⟨

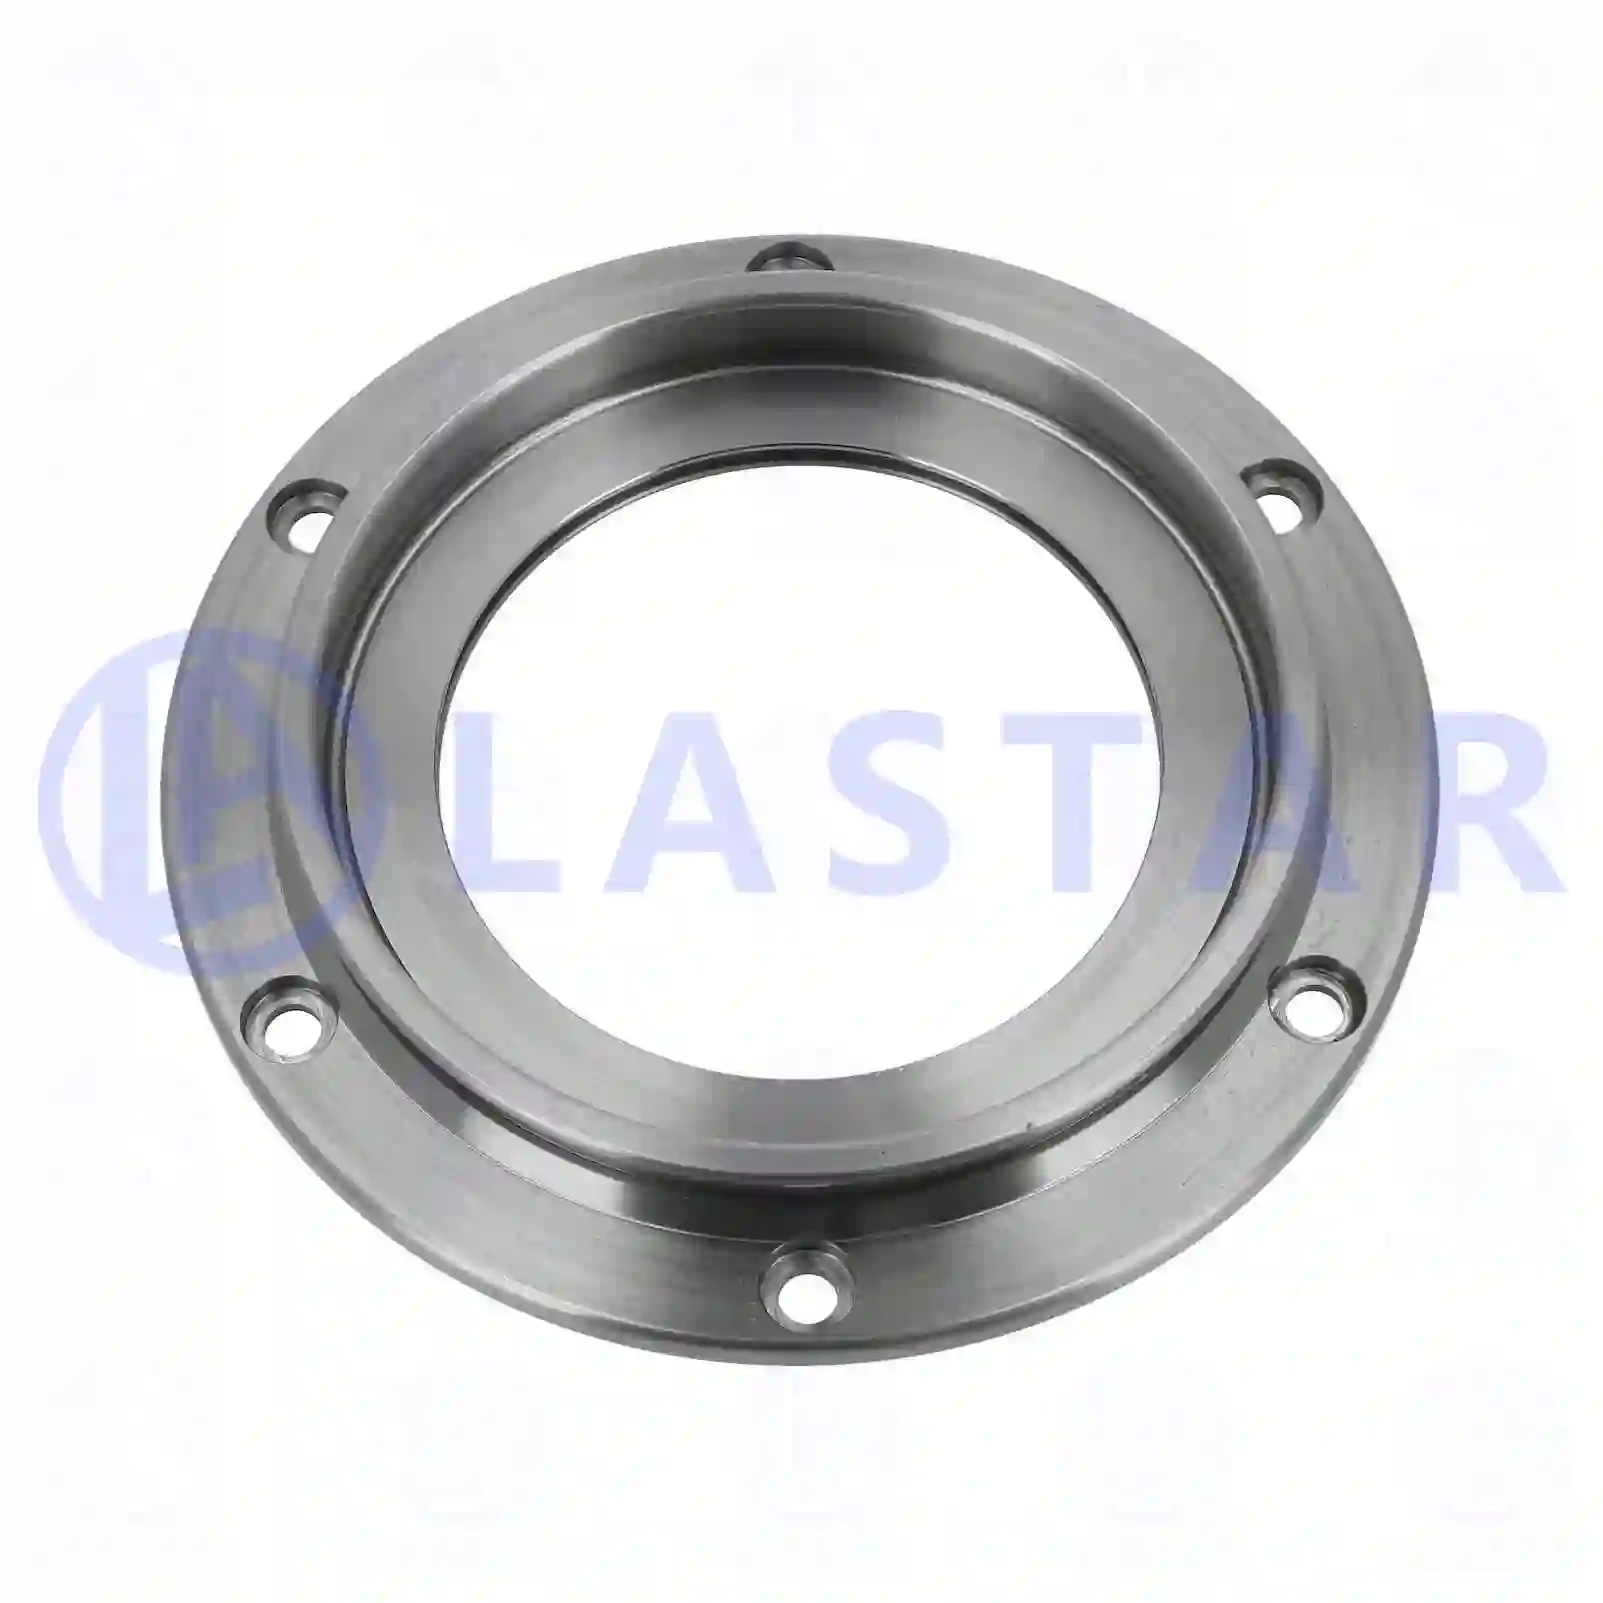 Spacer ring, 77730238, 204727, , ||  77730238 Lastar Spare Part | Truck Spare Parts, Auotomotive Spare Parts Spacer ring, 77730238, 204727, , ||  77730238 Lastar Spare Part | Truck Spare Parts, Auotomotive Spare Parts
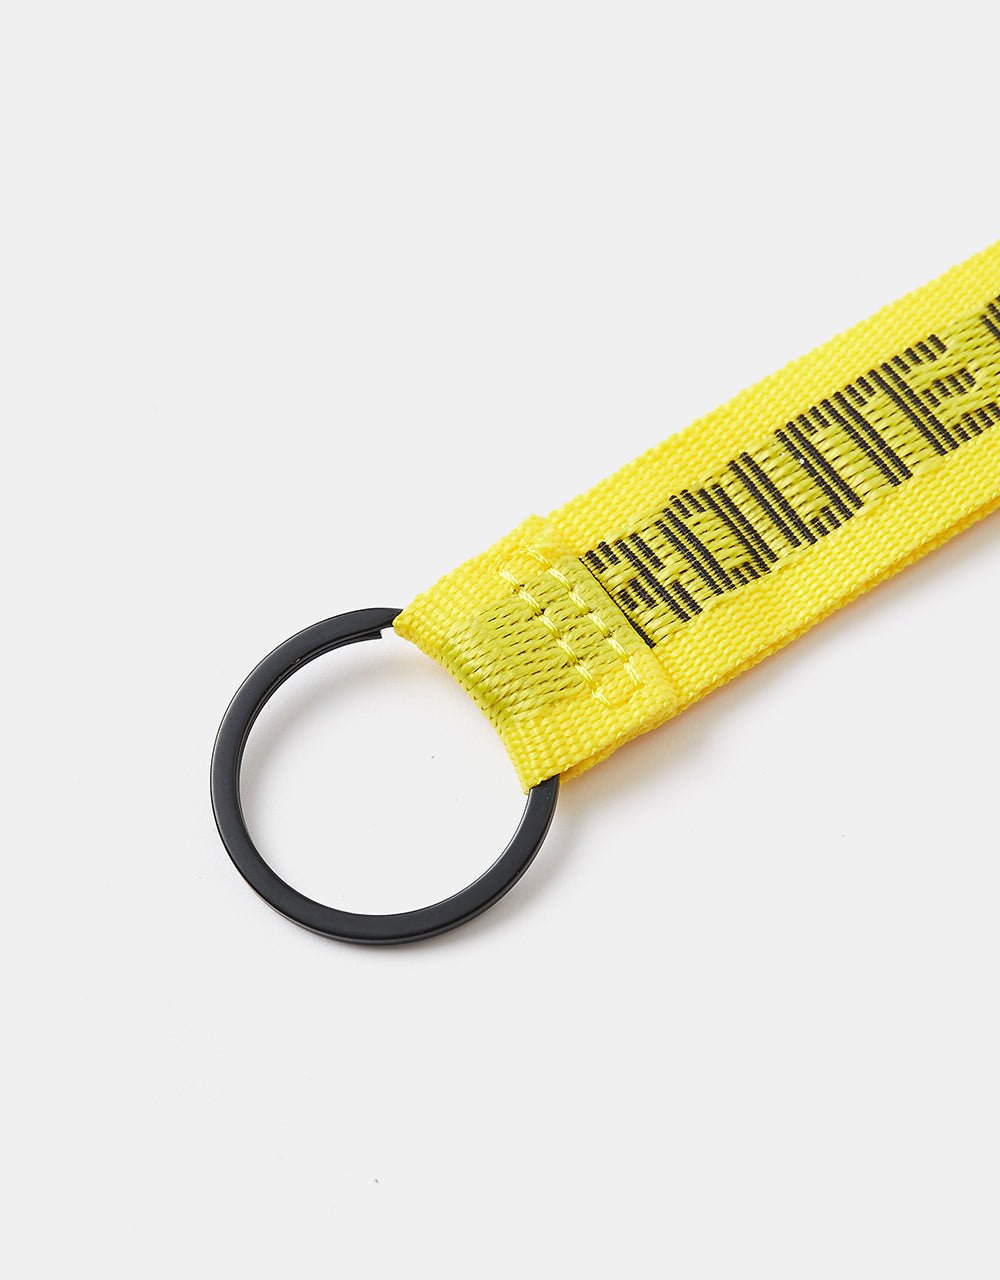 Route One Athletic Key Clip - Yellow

⟩
⟨

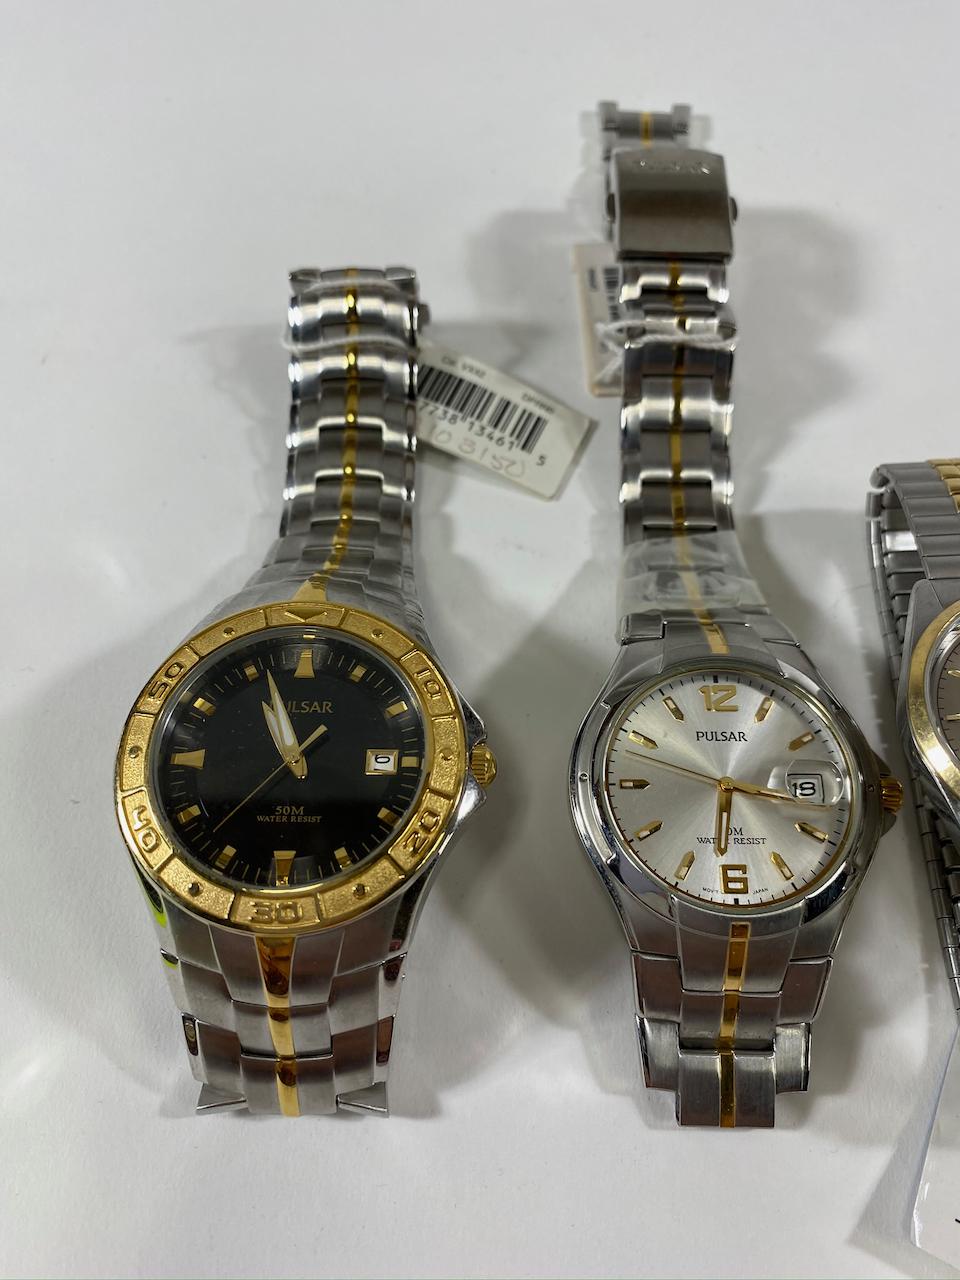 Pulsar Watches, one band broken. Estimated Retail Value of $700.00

⟩

Task instructions: Output should consist of the lines above from the one with "Spare Parts Spacer" down to the one with "Route One Athletic Key Clip - Yellow", exact and without pictures.

Result:
 Spacer ring, 77730238, 204727, , ||  77730238 Lastar Spare Part | Truck Spare Parts, Auotomotive Spare Parts Spacer ring, 77730238, 204727, , ||  77730238 Lastar Spare Part | Truck Spare Parts, Auotomotive Spare Parts
 Route One Athletic Key Clip - Yellow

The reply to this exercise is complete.